This article originally appeared in the EMS MEd Reviews blog of the National Association of EMS Physicians and is reprinted here with permission.
By Clayton Kazan, MD
We live in a scary time in the practice of medicine, though I am not sure that there has been a time in which medicine was relatively un-challenged. We make a lot of errors, and those errors hurt a lot of people. It’s as true in EMS as anywhere else in the house of medicine.
First, we have to acknowledge that error is inevitable and cannot be completely eradicated. The attempt to eliminate all error is a fruitless endeavor as long as we have human beings acting at the point of care. That’s not to say that we cannot reduce the rate of error by incorporating best practices, but we need to learn to expect error to occur and to turn our energy to inhibiting the impact that the inevitable errors have on patient outcomes.
The first step is that we have to reconsider our system designs in ways to minimize the risk of errors. For example, we know that medication errors in the prehospital setting are common, and there are all kinds of contributing factors to those errors. Our personnel work in the most austere of settings; with low light, copious distraction, fatigue, and countless other challenges. We are often reminded by our personnel that they don’t work in the “pristine setting” of our emergency departments. But, hospitals recognized the harm potential of critical medication errors many moons ago, and so mandatory double checks for critical infusions like blood transfusions and thrombolytics are the standard. It’s ironic to use hospitals as the standard for medication safety mere weeks after a nurse was found guilty of negligent homicide for a medication error, but there is no question that mandatory double checks have reduced the risk of medication errors. So, we have to look far and wide to incorporate best practices, and, where they don’t exist, we need to invent them. We need to insert enough layers of Swiss cheese between potential errors and our patients so as to make the probability of an error reaching the patient near zero. I write this passage while flying on a jetliner, wholly confident that I will safely reach my destination because, decades ago, the airline industry looked at error exactly this way. Of course, if my plane crashed, you’d never know that this article existed anyway.
What we are bumping up against is culture, and that will inhibit this effort in two ways. First, we have to stop punishing our people for committing errors. The punitive culture around error is the biggest impediment to improving patient safety because it disincentivizes our providers from openly sharing their errors. Without that critical information, we will never really know where to even begin. If punitive action actually led to better accountability, error reduction, and better outcomes, then why are we still having this conversation? We need to build a just culture in which the manner that errors are reviewed is transparent, and punitive action is reserved for malicious misdeeds or repetitive at-risk behavior. As EMS Medical Directors, it is not our job to be the referee for our teams on the field … it’s our job to be their coach. What team thrives when the players on the field are afraid of being benched or traded when they commit an error? Only after we have established a just culture can we hope to build a reporting culture in which it is expected for safety issues to be shared, and a learning culture that embraces the educational opportunities.

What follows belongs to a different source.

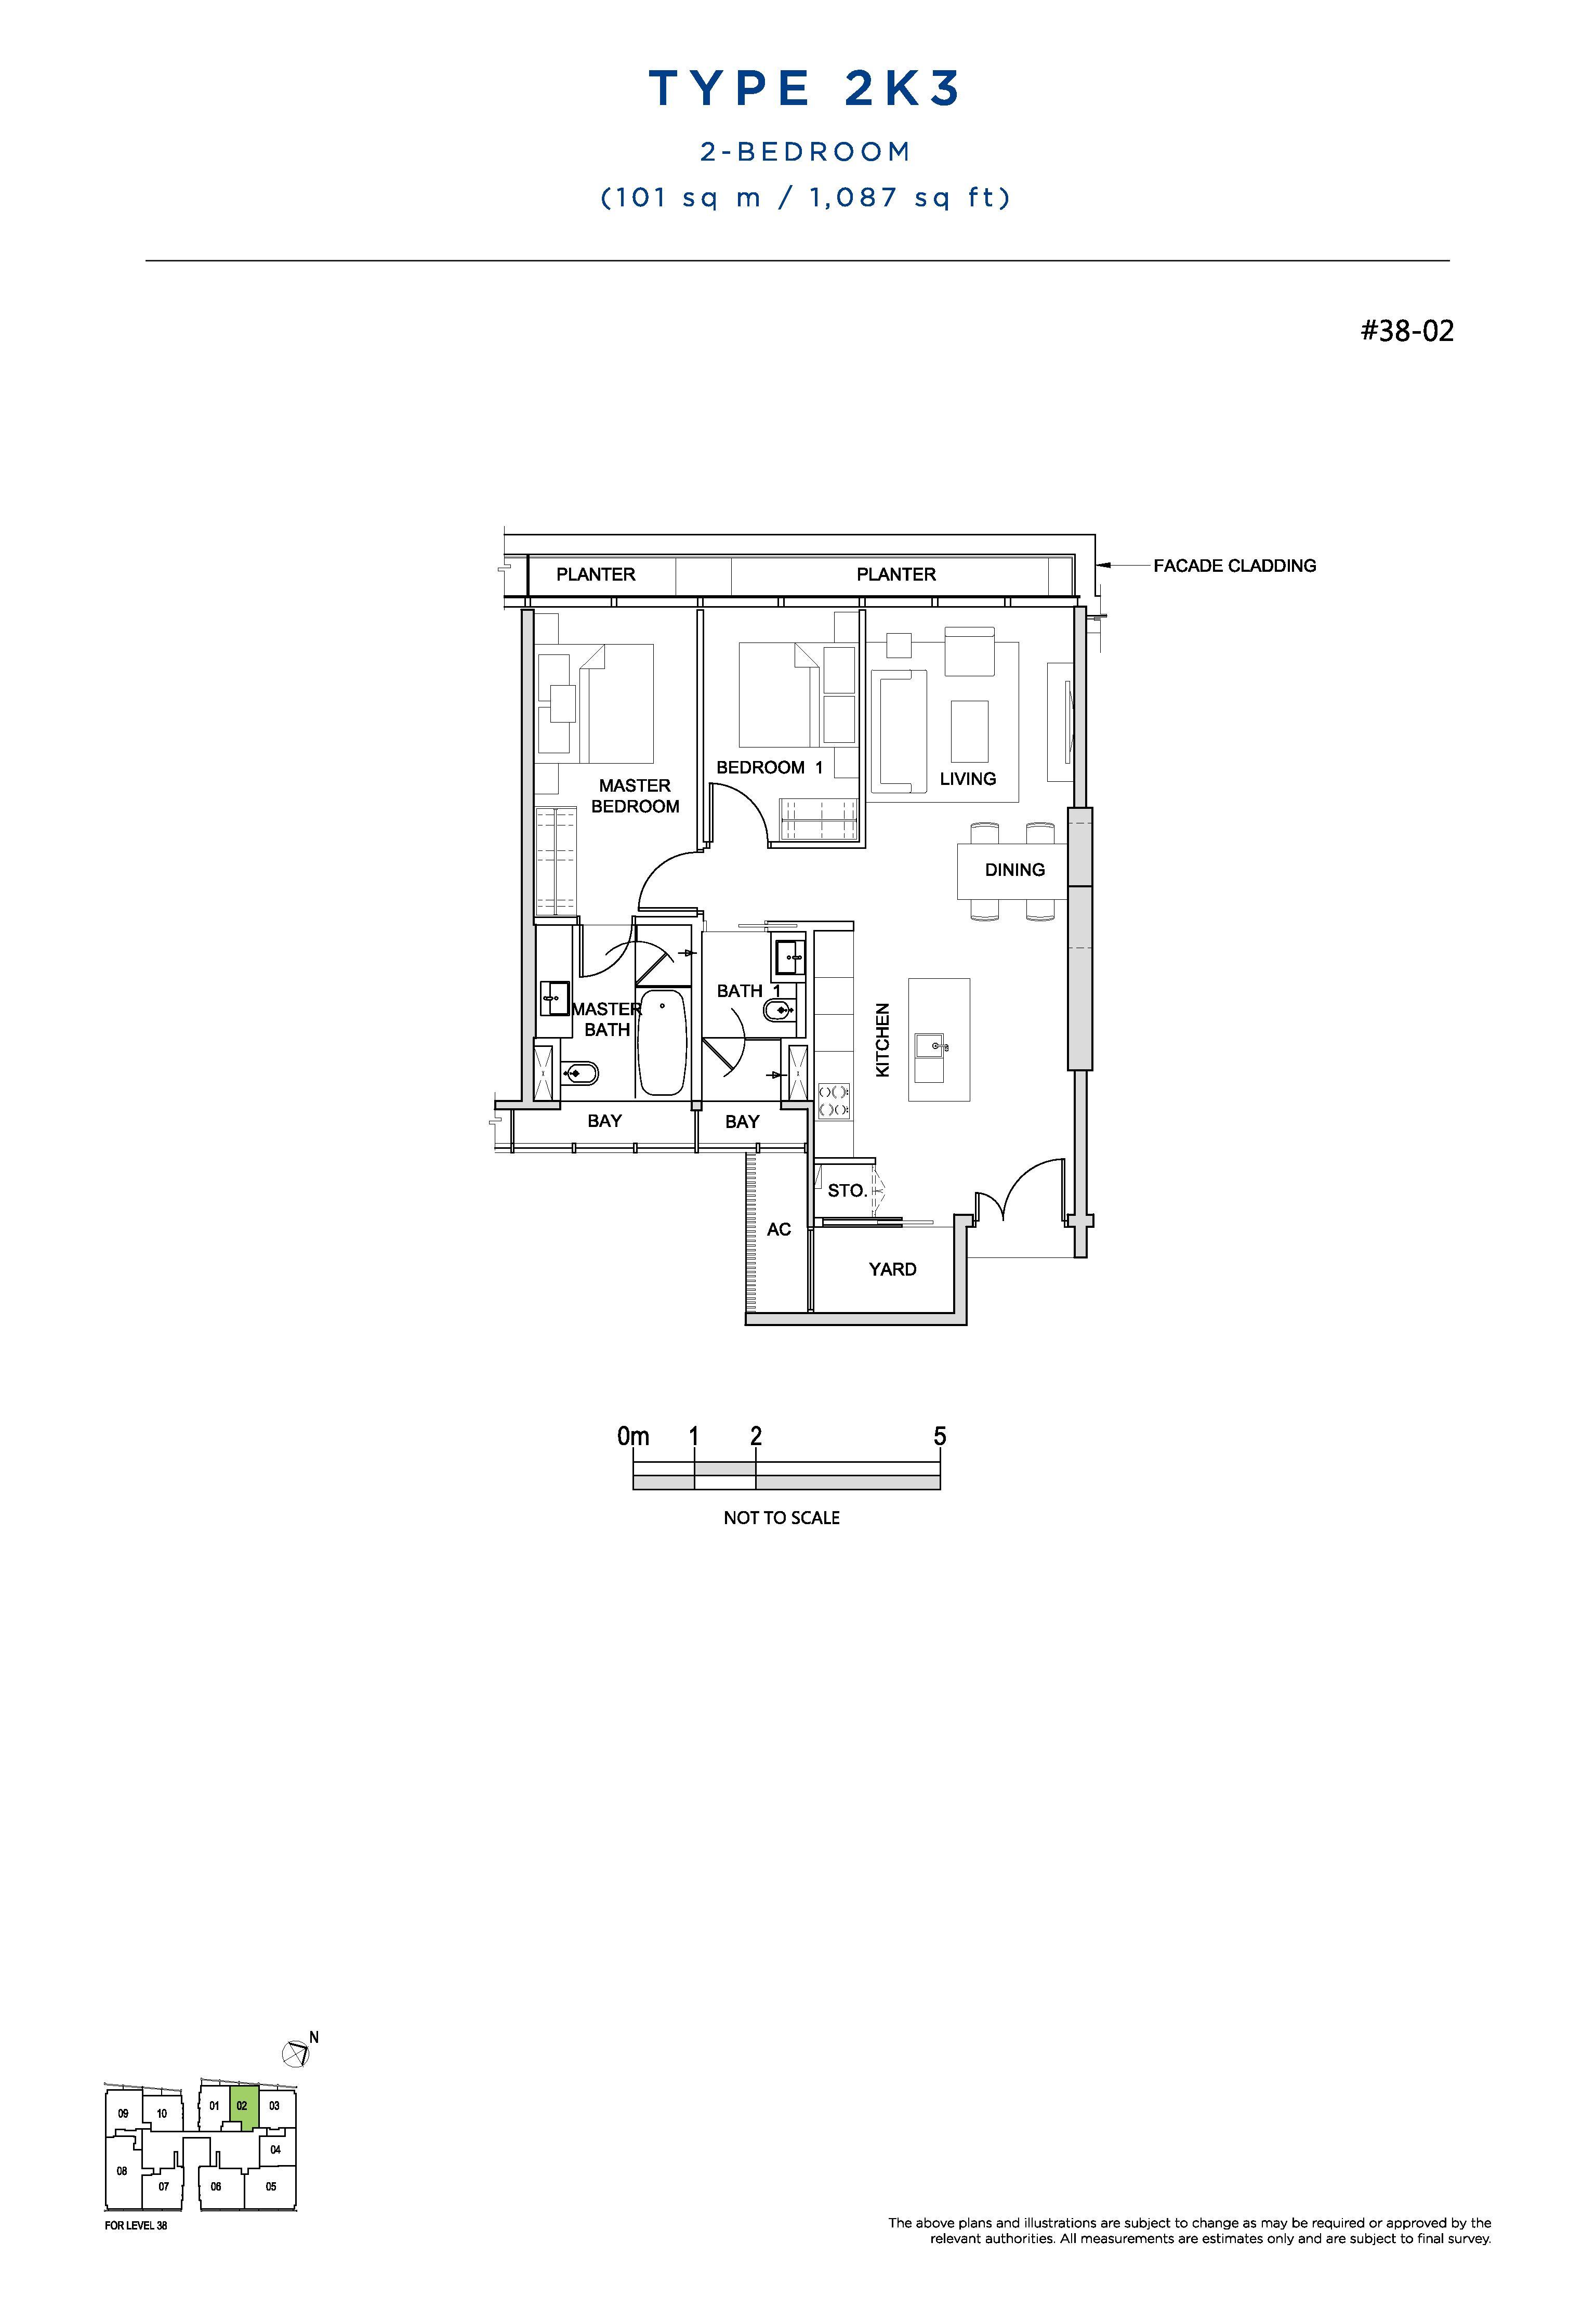 South Beach Residences 2 Bedroom Floor Plans Type 2K3

The second cultural challenge that we will face is the inertia of “the way we’ve always done things.” Stale tradition is the death of innovative system design. Even a perfect system design, with dozens of layers of glorious Swiss cheese, makes no difference without system adoption. In the battle between system design and culture, culture always wins. Classically in healthcare, it takes physicians an average of 17 years to change our practice based on sound medical evidence, and the magic of 17 years is that it represents, approximately, half of a career. In that time, half of our physicians will have retired out and been replaced by a new crop of physicians, trained in the new system, that know no other way.
While we have to be patient, because culture changes do take time, we owe it to our patients to be persistent and to be the beacon that lights the way for the departments that we lead so that we can stop sacrificing our patients at the altar of “the way things have always been done.”
About the author
Clayton Kazan is the medical director of Los Angeles County Fire Department, President of the California Chapter of NAEMSP and Chair of NAEMSP Communications & Social Media Committee.